(Beginning of DATASET SECTION)

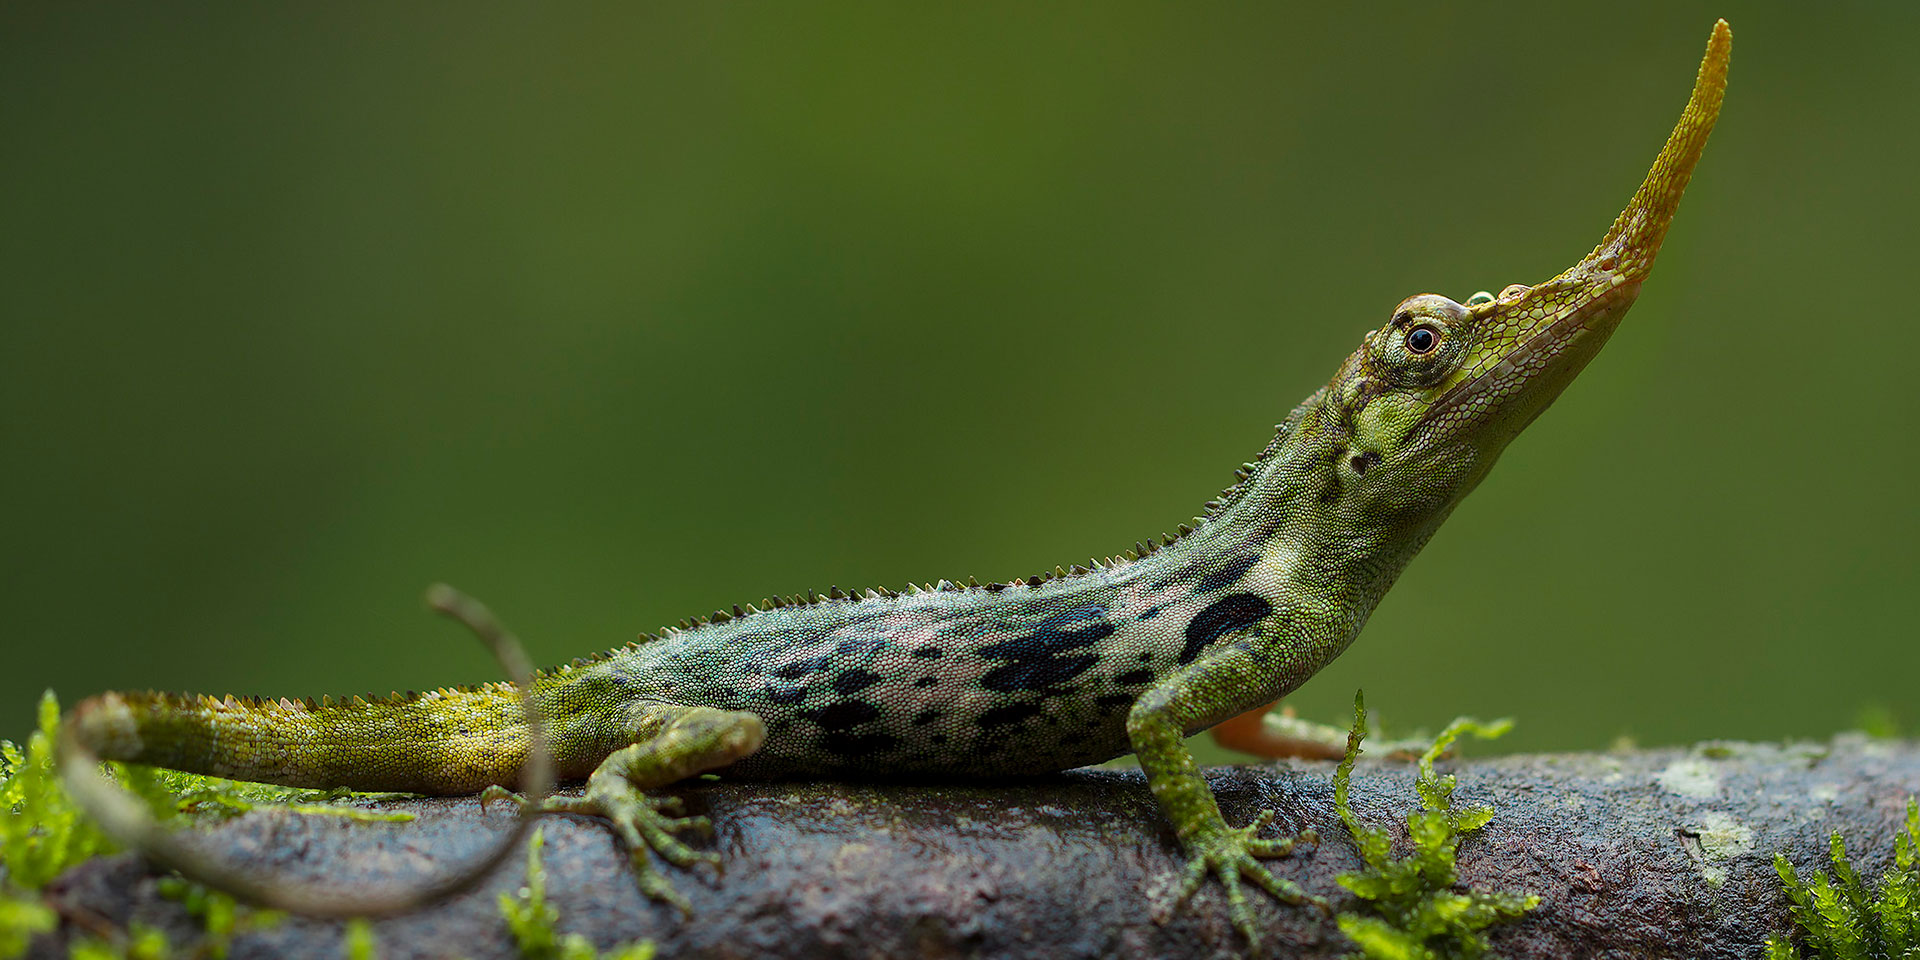 Neoselva-Anolis-proboscis-Ecuador-Portrait-Herping-Website
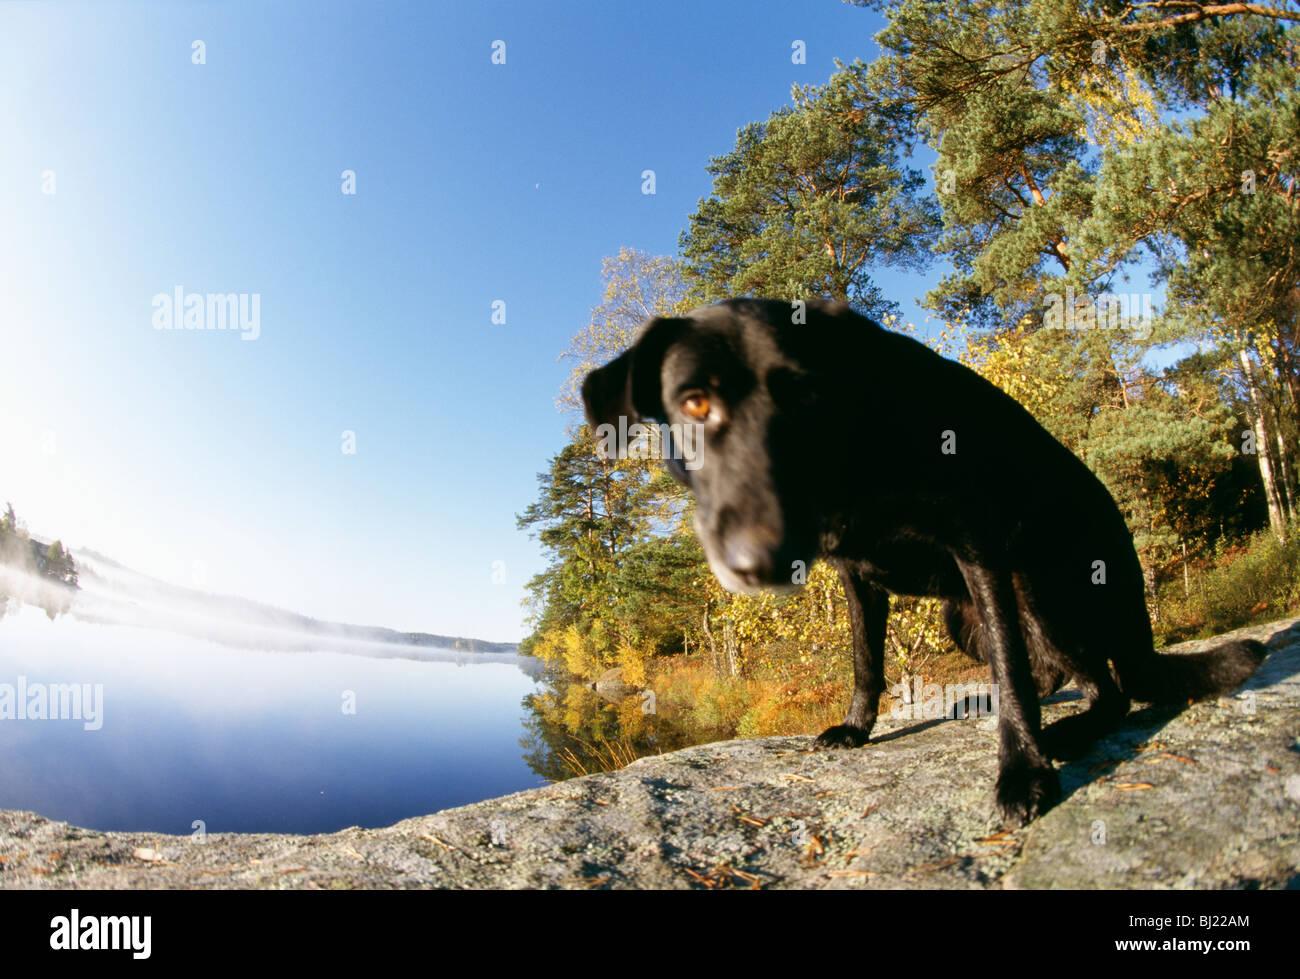 A dog by a lake - Stock Image
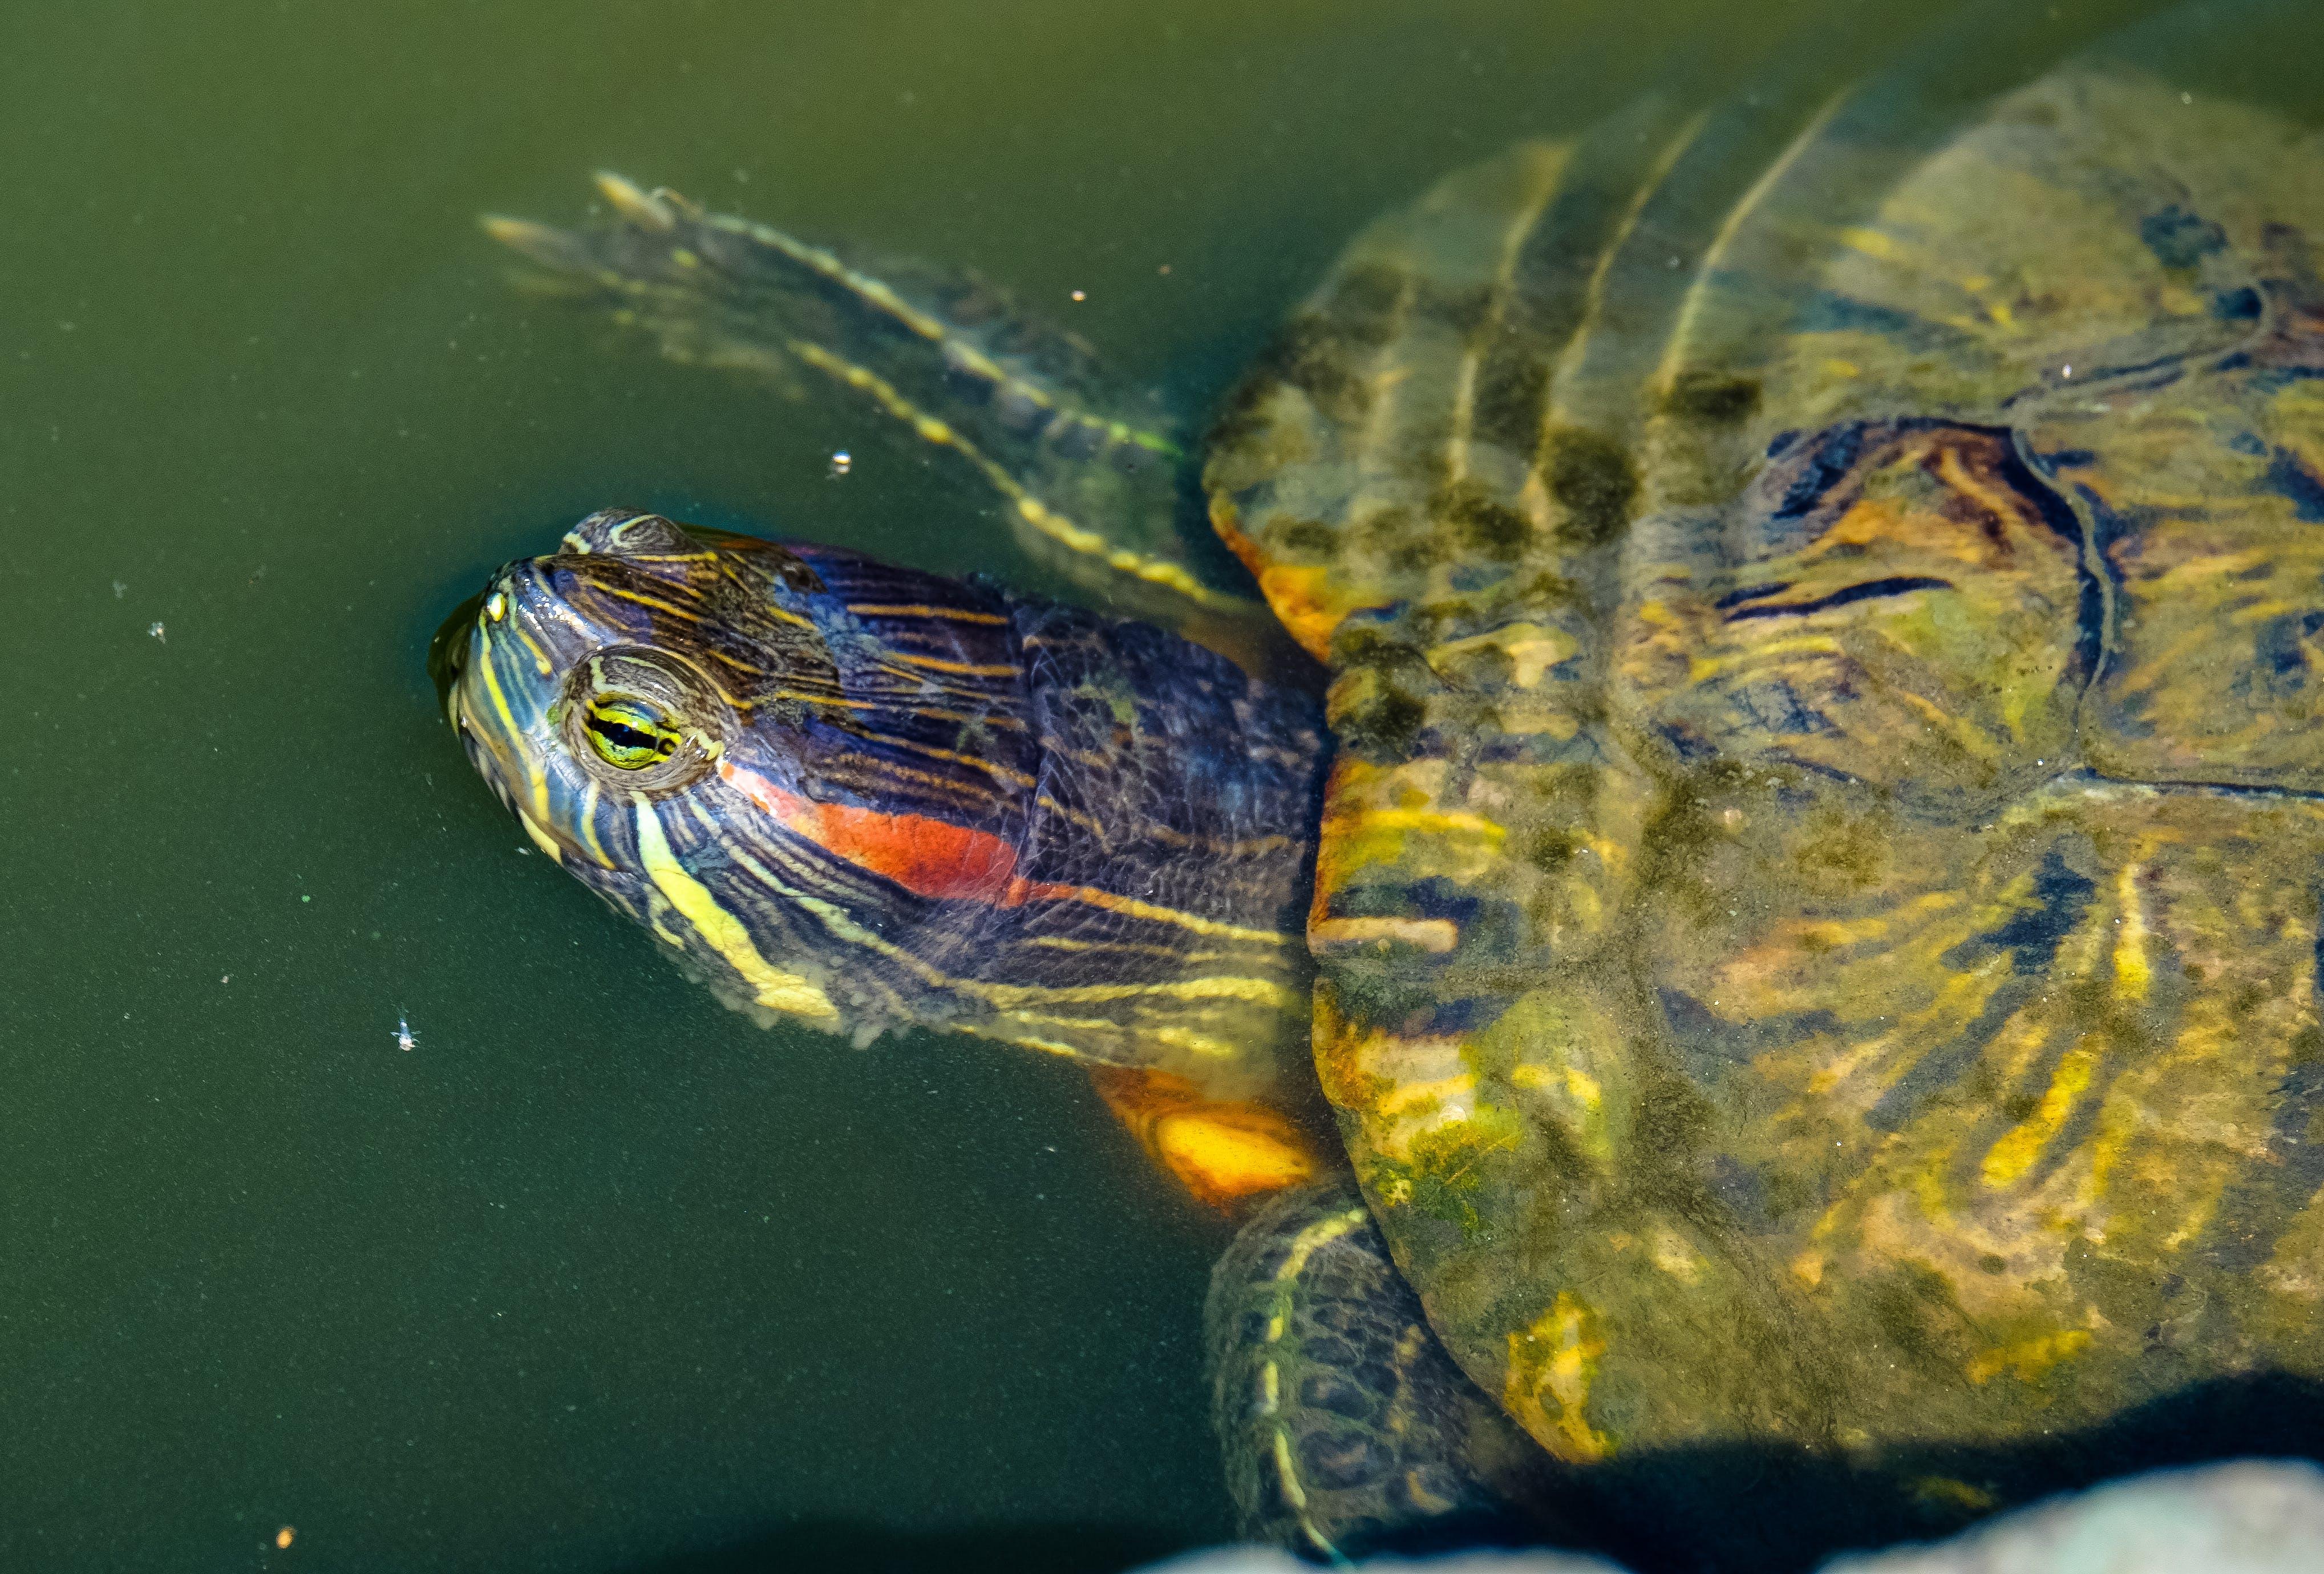 animal, aquatic, close -up

(End of DATASET SECTION)

WORK INSTRUCTION
Output all the material above exactly once more, leaving every picture out.

ANSWER TO THIS PROBLEM
 Neoselva-Anolis-proboscis-Ecuador-Portrait-Herping-Website
 A dog by a lake - Stock Image
 animal, aquatic, close -up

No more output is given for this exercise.